WORK ORDER >> Once you find the line with "The Elba Pump" in the data below, transcribe exactly each line from there to the line with "Get Well Soon Enzo - Teddy Bear", inclusive, and nothing else. Drop the pictures.

INFORMATION PROVIDED >>
------------------------------
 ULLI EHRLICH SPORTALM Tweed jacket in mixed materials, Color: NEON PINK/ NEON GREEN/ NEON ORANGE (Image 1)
------------------------------
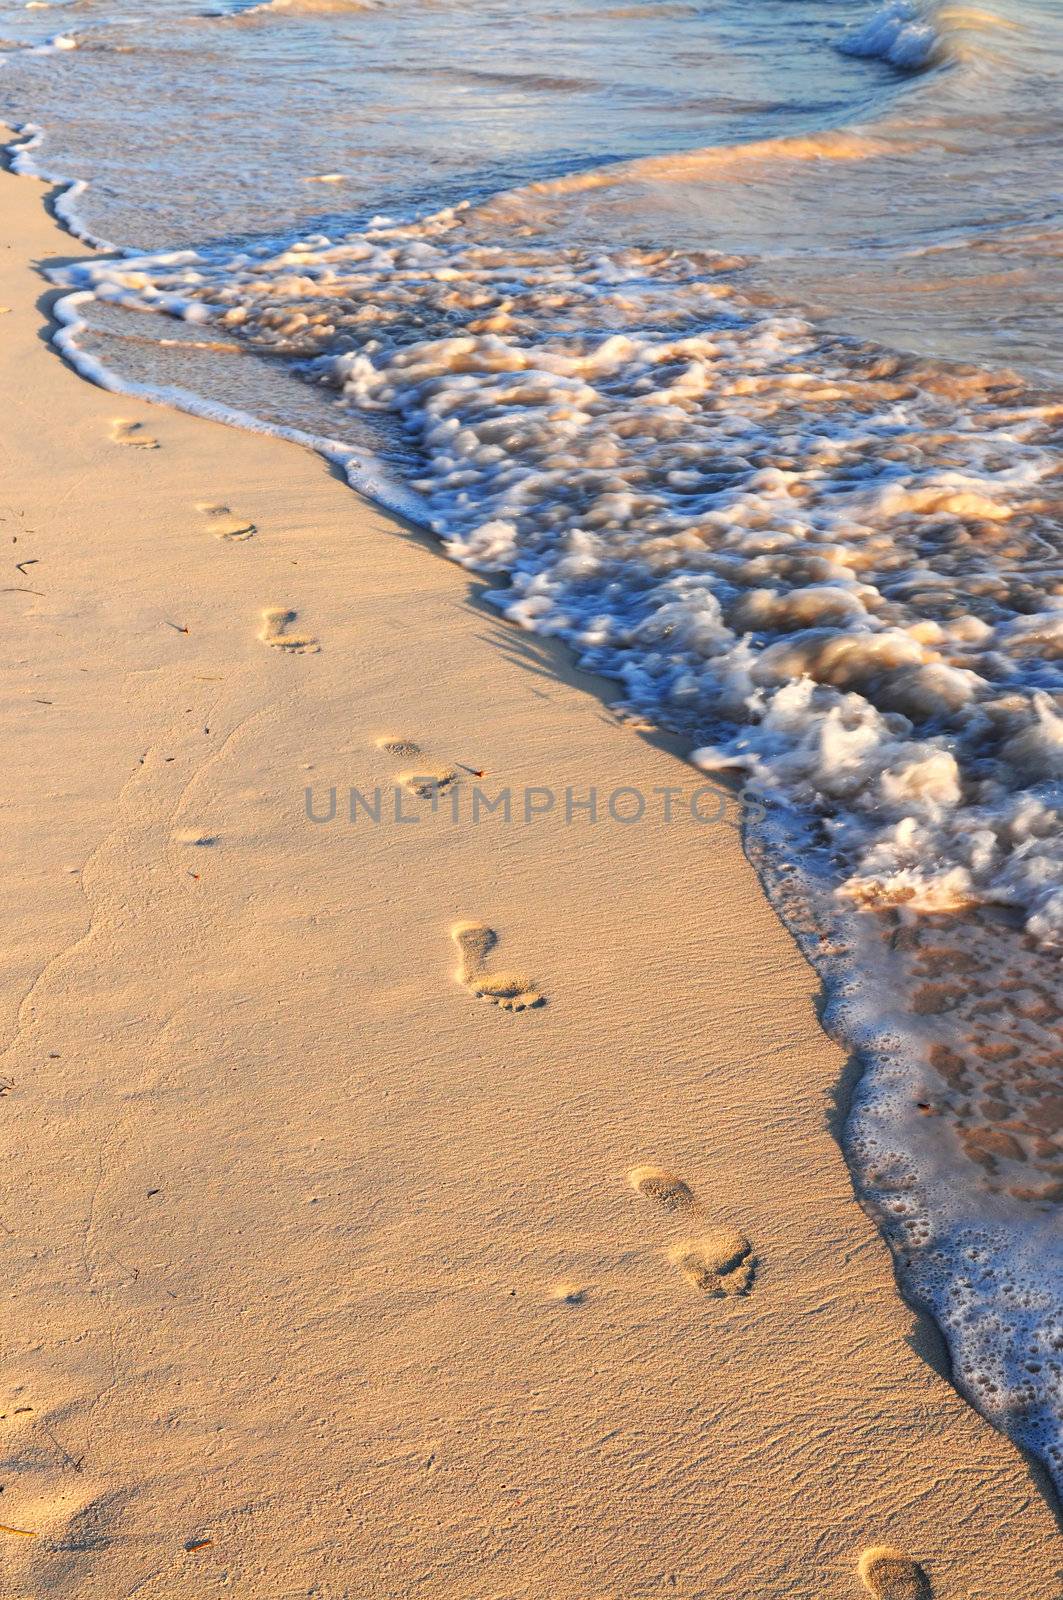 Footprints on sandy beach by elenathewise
------------------------------
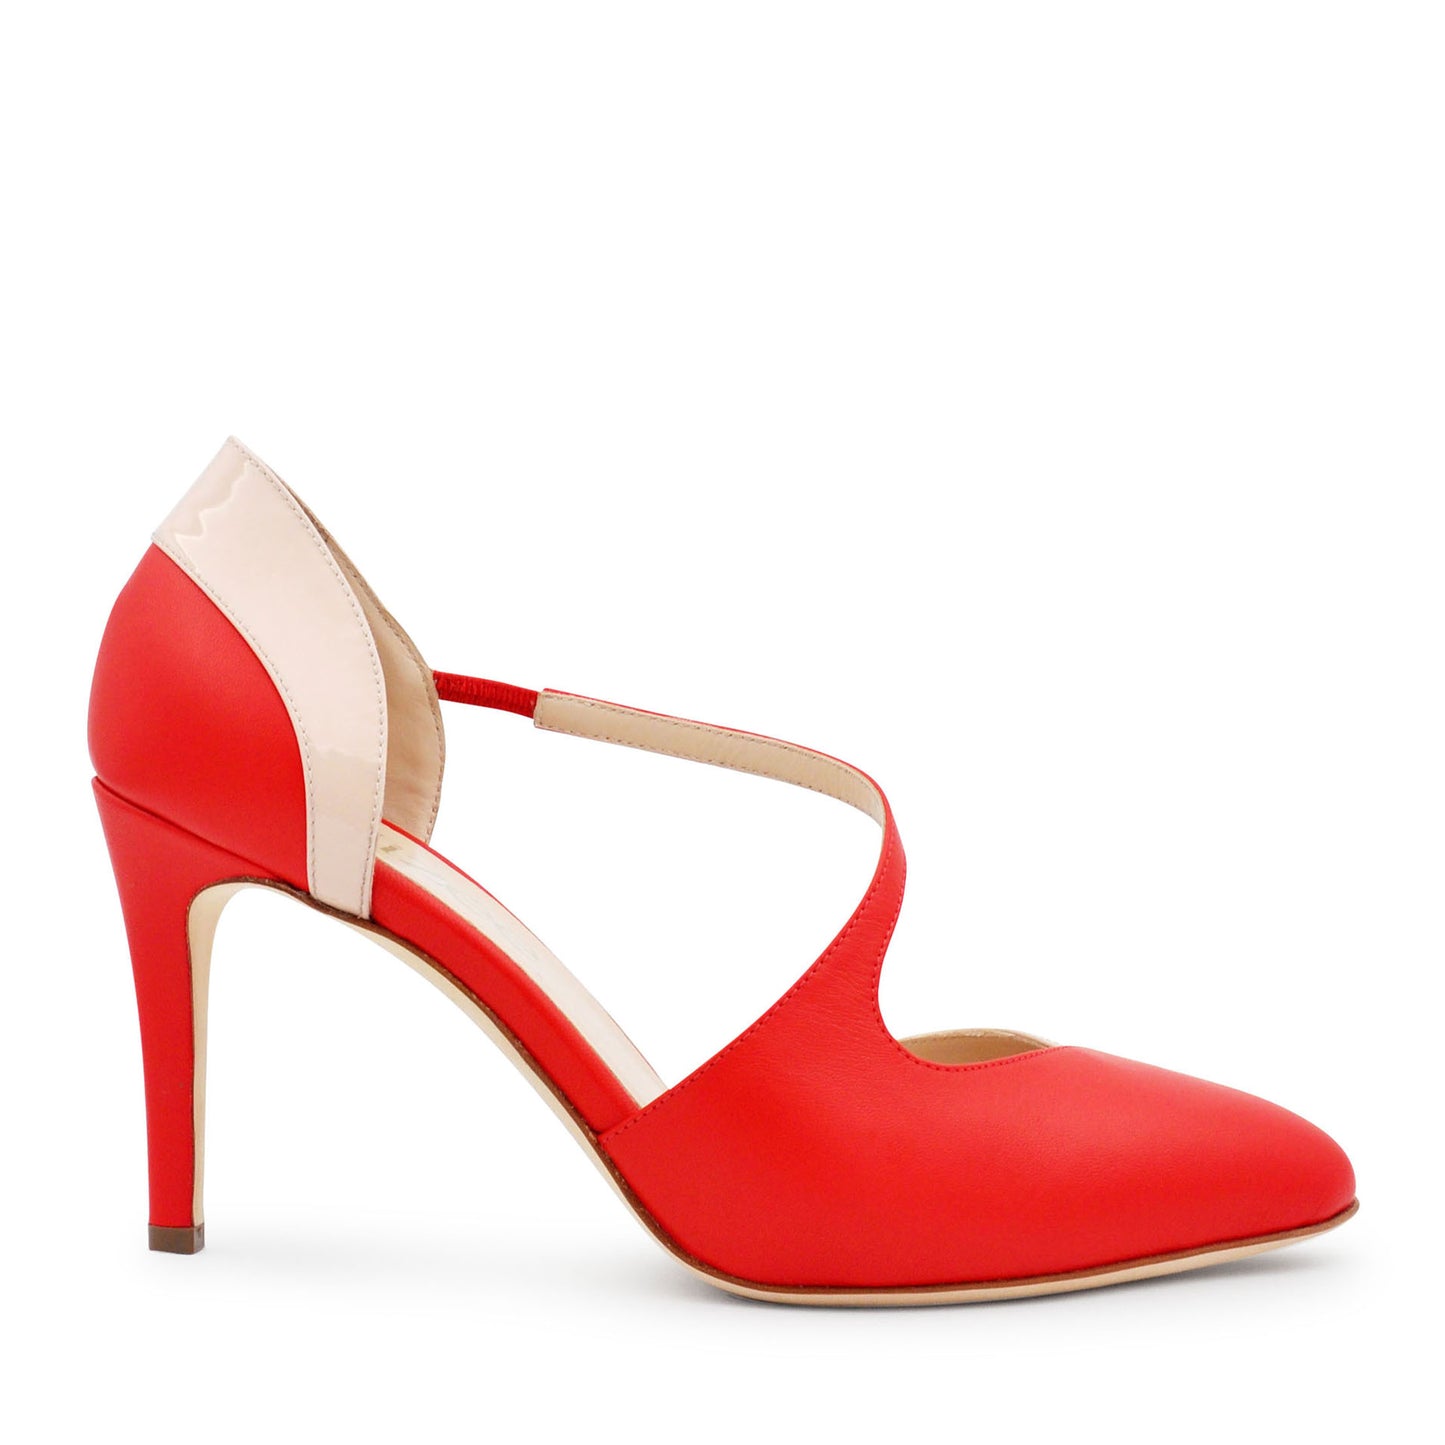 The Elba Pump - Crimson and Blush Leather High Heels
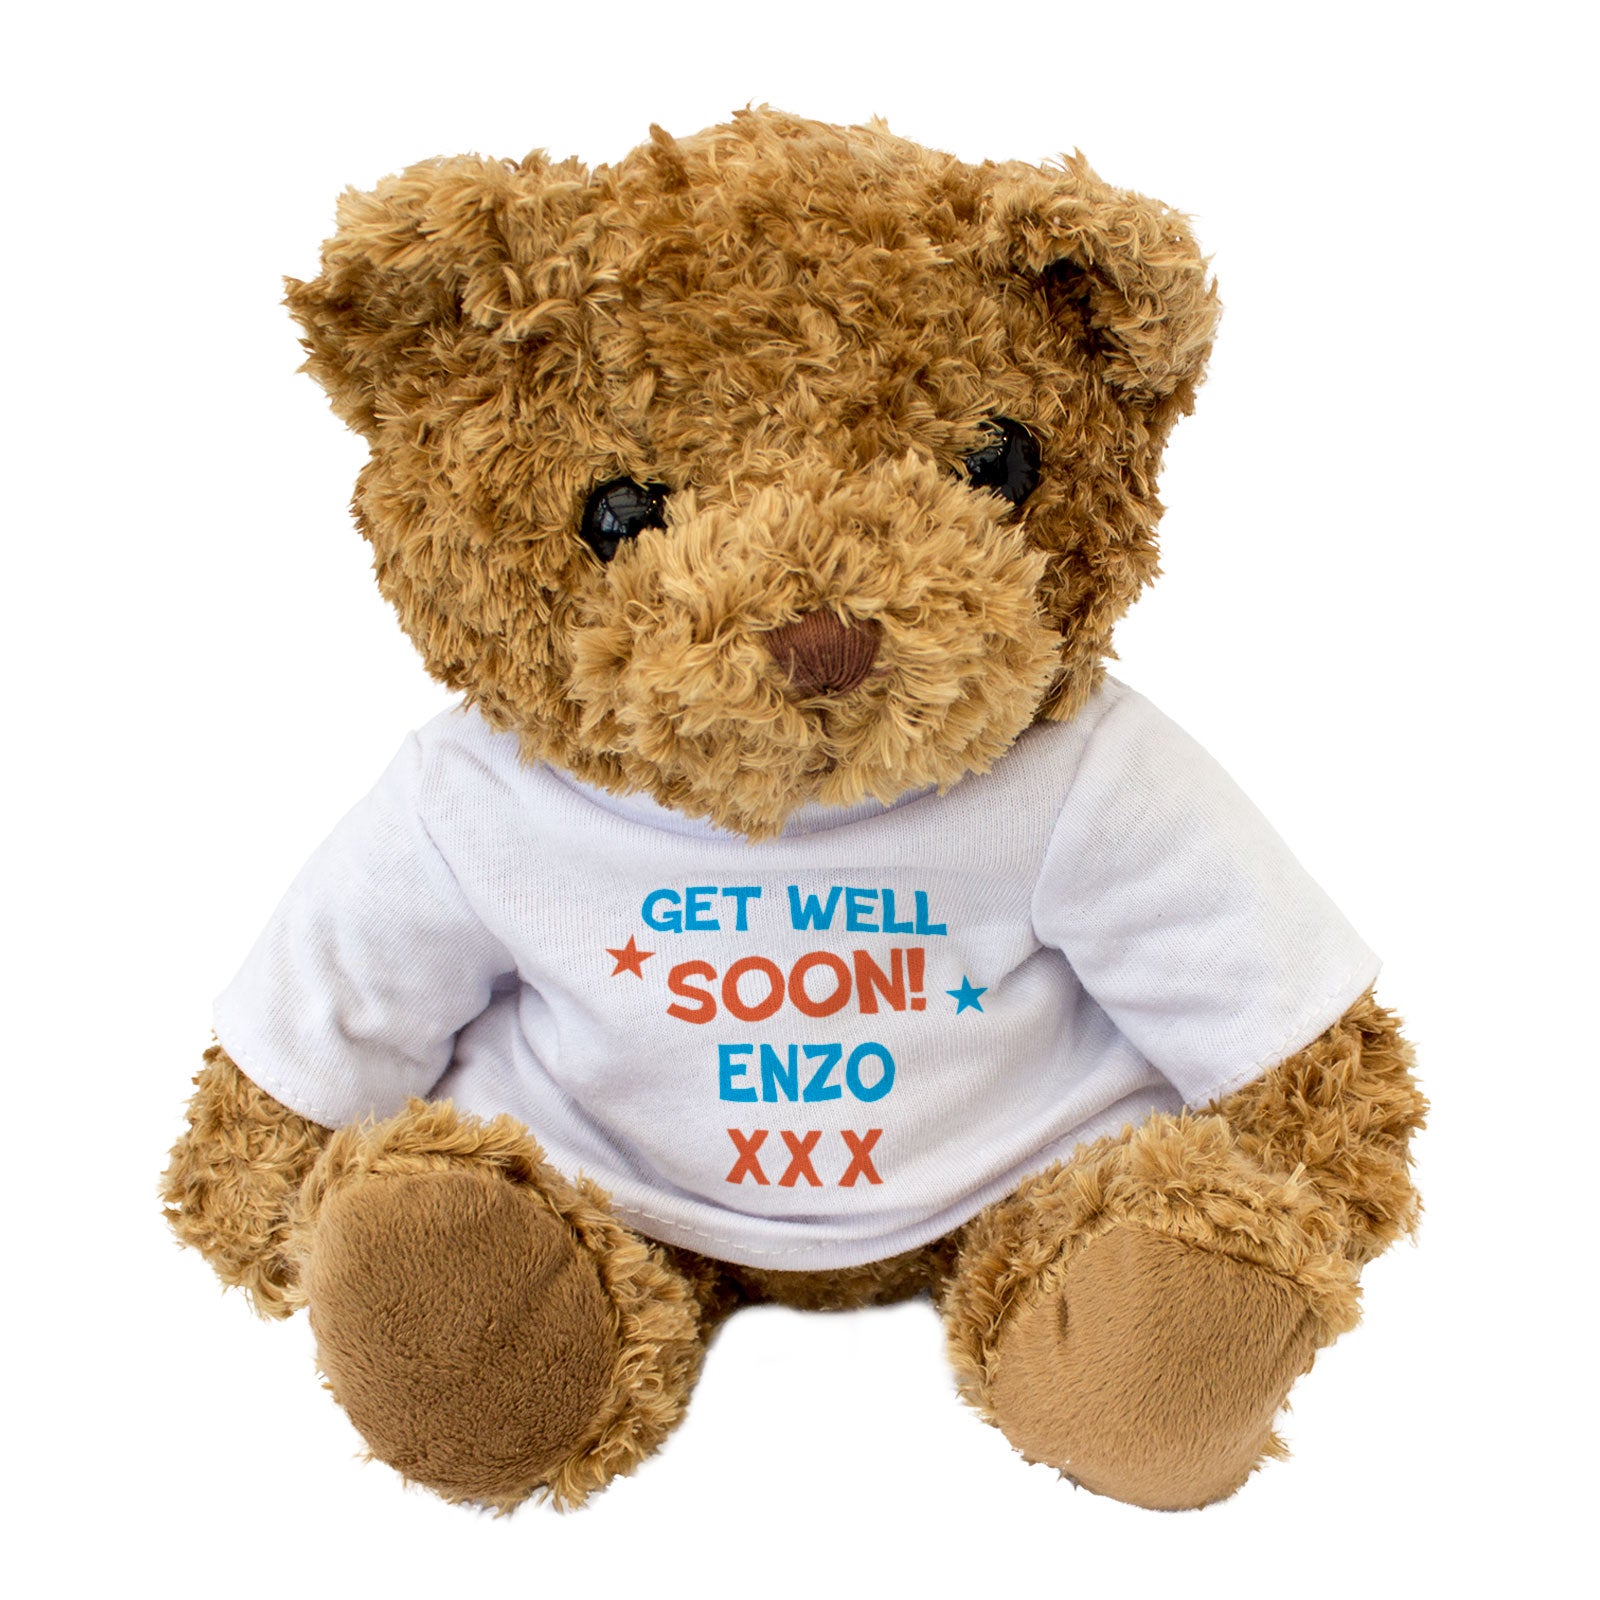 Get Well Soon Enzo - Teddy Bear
------------------------------
OUTPUT OF THE TASK >>
 The Elba Pump - Crimson and Blush Leather High Heels
 Get Well Soon Enzo - Teddy Bear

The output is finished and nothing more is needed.